Como o desvalor do resultado é menor quando comparado ao do crime consumado, o conatus deve suportar uma punição mais branda.
Excepcionalmente, entretanto, é aceita a teoria subjetiva, voluntarística ou monista, consagrada pela expressão “salvo disposição em contrário”.
Há casos, restritos, em que o crime consumado e o crime tentado comportam igual punição: são os delitos de atentado ou de empreendimento. Podem ser citados, como exemplos: (1) evasão mediante violência contra a pessoa (CP, art. 352), em que o preso ou indivíduo submetido a medida de segurança detentiva, usando de violência contra a pessoa, recebe igual punição quando se evade ou tenta evadir-se do estabelecimento em que se encontra privado de sua liberdade; e (2) Lei 4.737/1965 – Código Eleitoral, art. 309, no qual se sujeita a igual pena o eleitor que vota ou tenta votar mais de uma vez, ou em lugar de outrem.
A tentativa constitui-se em causa obrigatória de diminuição da pena.
Incide na terceira fase de aplicação da pena privativa de liberdade, e sempre a reduz. A liberdade do magistrado repousa unicamente no quantum da diminuição, balizando-se entre os limites legais, de 1 (um) a 2/3 (dois terços). Deve reduzi-la, podendo somente escolher o montante da diminuição.
E, para navegar entre tais parâmetros, o critério decisivo é a maior ou menor proximidade da consumação, é dizer, a distância percorrida do iter criminis. Para o Supremo Tribunal Federal: “... a definição do percentual da redução da pena observará apenas o iter criminis percorrido, ou seja, tanto maior será a diminuição quanto mais distante ficar o agente da consumação, bem como tanto menor será a diminuição quanto mais se aproximar o agente da consumação do delito”.4 Exemplo: em uma tentativa de homicídio, na qual a vítima foi atingida por diversos disparos de arma de fogo, resultando em sua internação por vários dias em hospital, a redução da pena deve operar-se no patamar mínimo. Ao contrário, se os tiros sequer a atingiram, afigura-se razoável a diminuição da pena no máximo legal.

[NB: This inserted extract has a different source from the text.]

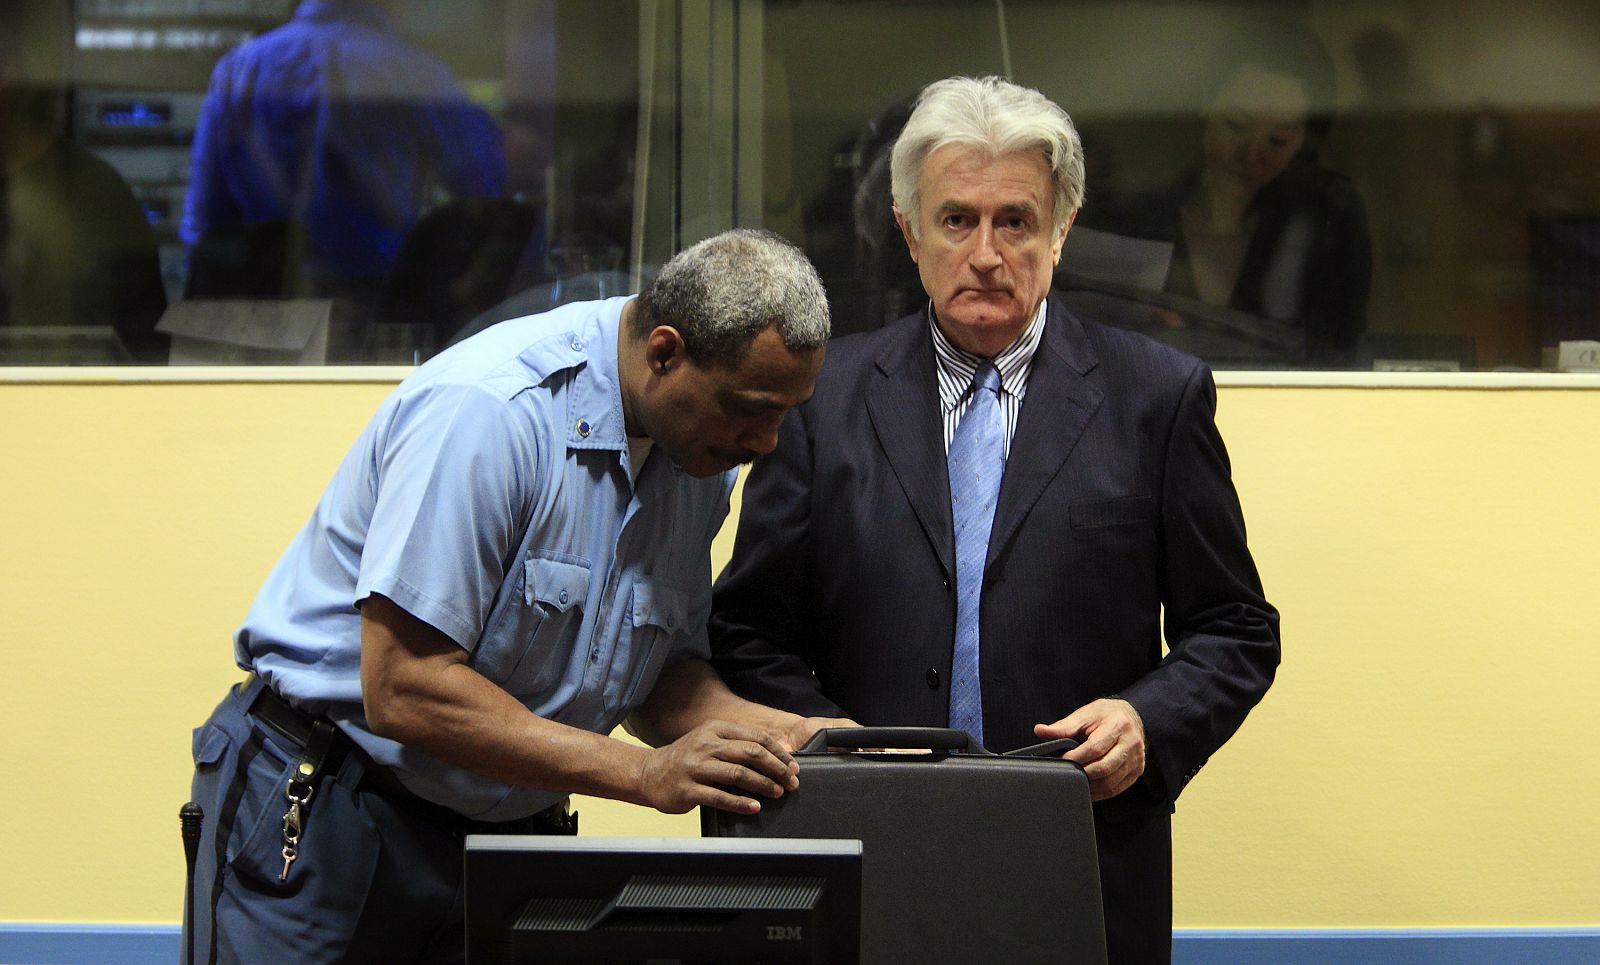 Former Bosnian Serb leader Karadzic appears in court at the ICTY in the Hague

Não interfere na diminuição da pena a maior ou menor gravidade do crime, bem como os meios empregados para sua execução, ou ainda as condições pessoais do agente, tais como antecedentes criminais e a circunstância de ser primário ou reincidente.
Em caso de crime tentado, para analisar se o seu responsável deve ou não ser processado e julgado no Juizado Especial Criminal, isto é, para verificar o enquadramento ou não no conceito de infração penal de menor potencial ofensivo, a causa de diminuição de pena deve ser aplicada em sua fração mínima sobre a pena máxima cominada. Se o resultado daí advindo for superior a dois anos, o Juizado não é o competente para o julgamento da causa.5
O Código Castrense orienta-se também, no tocante à punibilidade da tentativa, pela teoria objetiva.

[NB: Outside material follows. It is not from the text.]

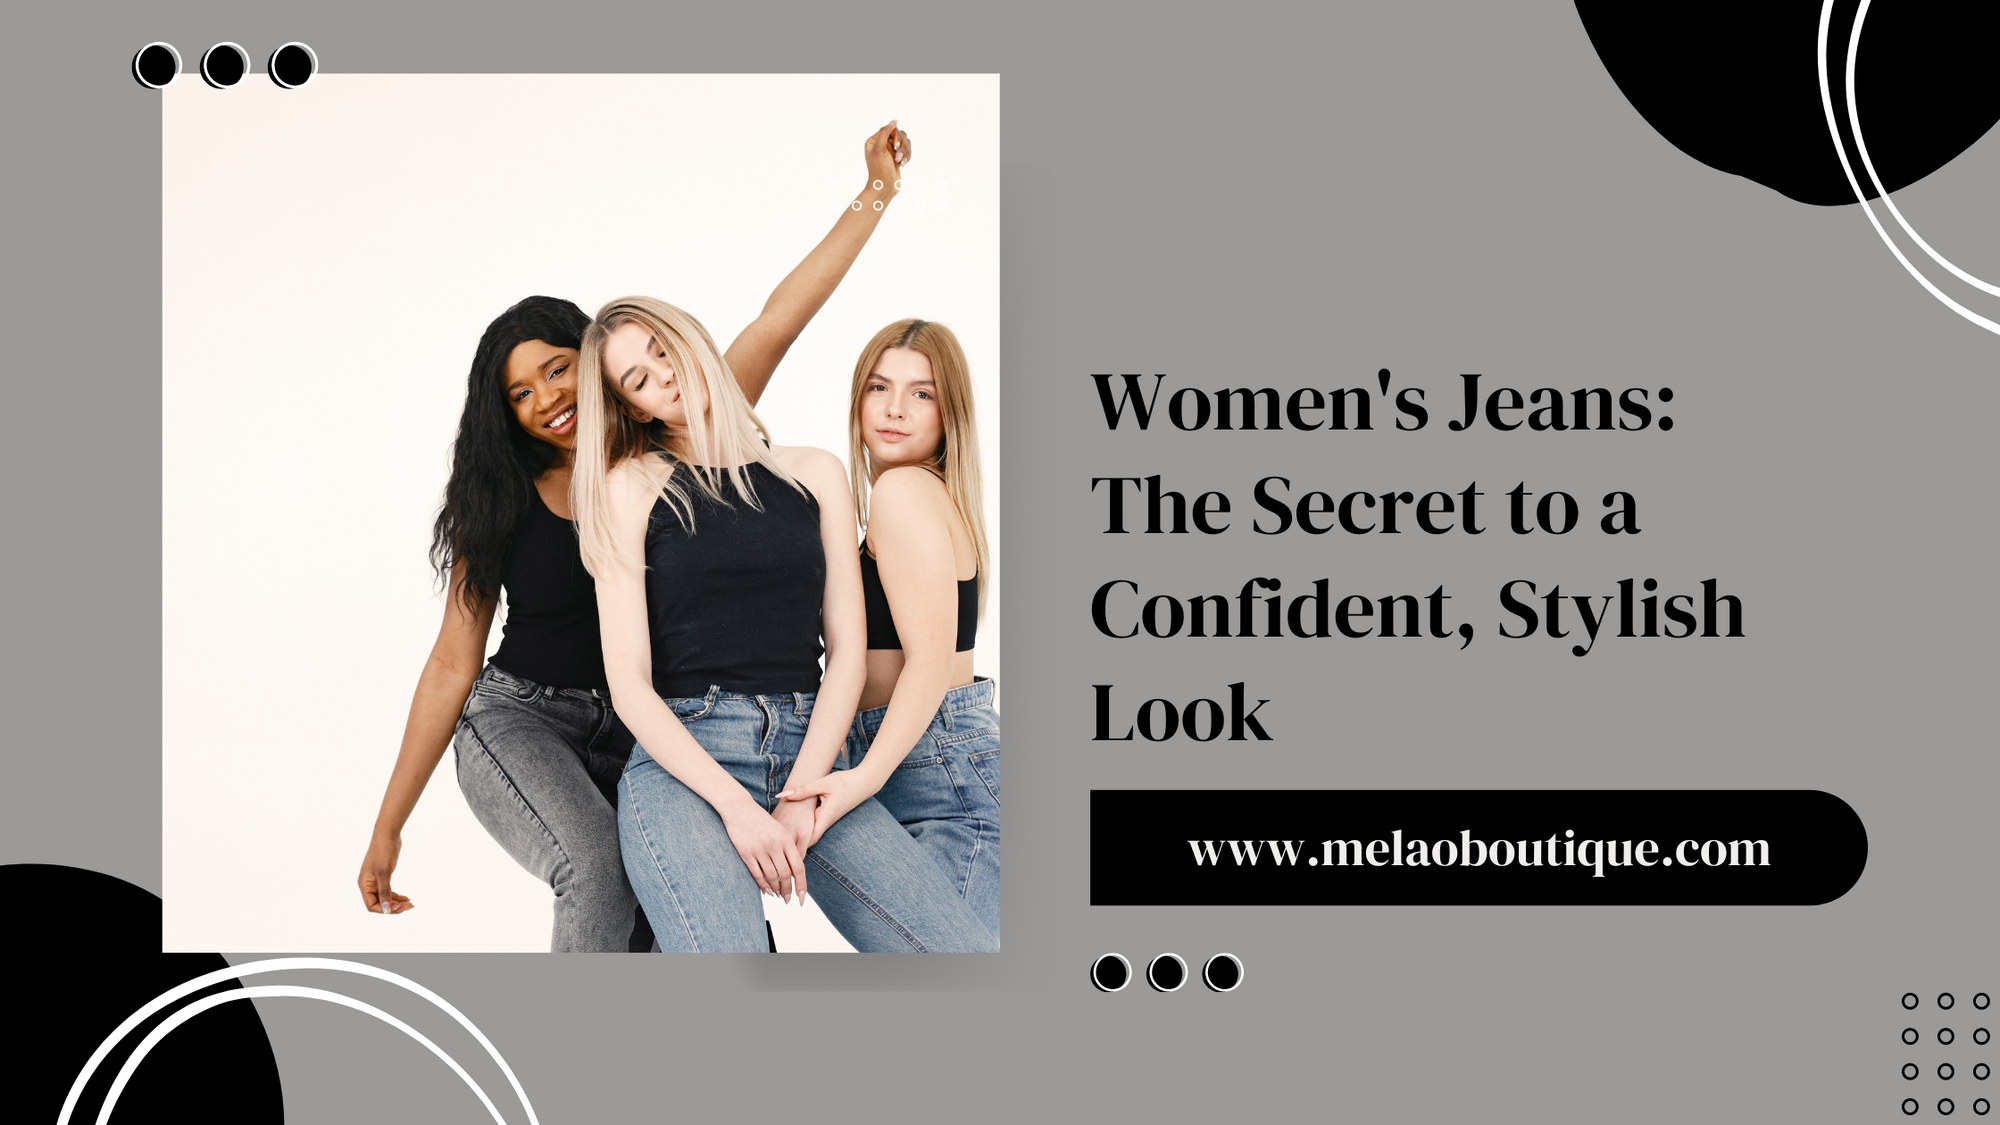 Women's Jeans The Secret to a Confident, Stylish Look

Admite, todavia, uma exceção ao critério da obrigatória diminuição da pena do crime tentado, ao dispor em seu art. 30, parágrafo único: “Pune-se a tentativa com a pena correspondente ao crime, diminuída de um a dois terços, podendo o juiz, no caso de excepcional gravidade, aplicar a pena do crime consumado” (grifamos).
A tentativa comporta a seguinte divisão: branca (ou incruenta), vermelha (ou cruenta); perfeita (ou acabada ou crime falho) e imperfeita (ou inacabada).
Nesta espécie de tentativa, o objeto material não é atingido pela conduta criminosa. Exemplo: “A” efetua disparos de arma de fogo contra “B”, sem acertá-lo.
Recebe essa denominação ao relacionar-se com a tentativa de homicídio em que não se produzem ferimentos na vítima, não acarretando no derramamento de sangue.
Nesta espécie de tentativa, o objeto material é alcançado pela atuação do agente. Exemplo: “A”, com intenção de matar, atira em “B”, provocando-lhe ferimentos. Porém, a vítima é socorrida prontamente e sobrevive.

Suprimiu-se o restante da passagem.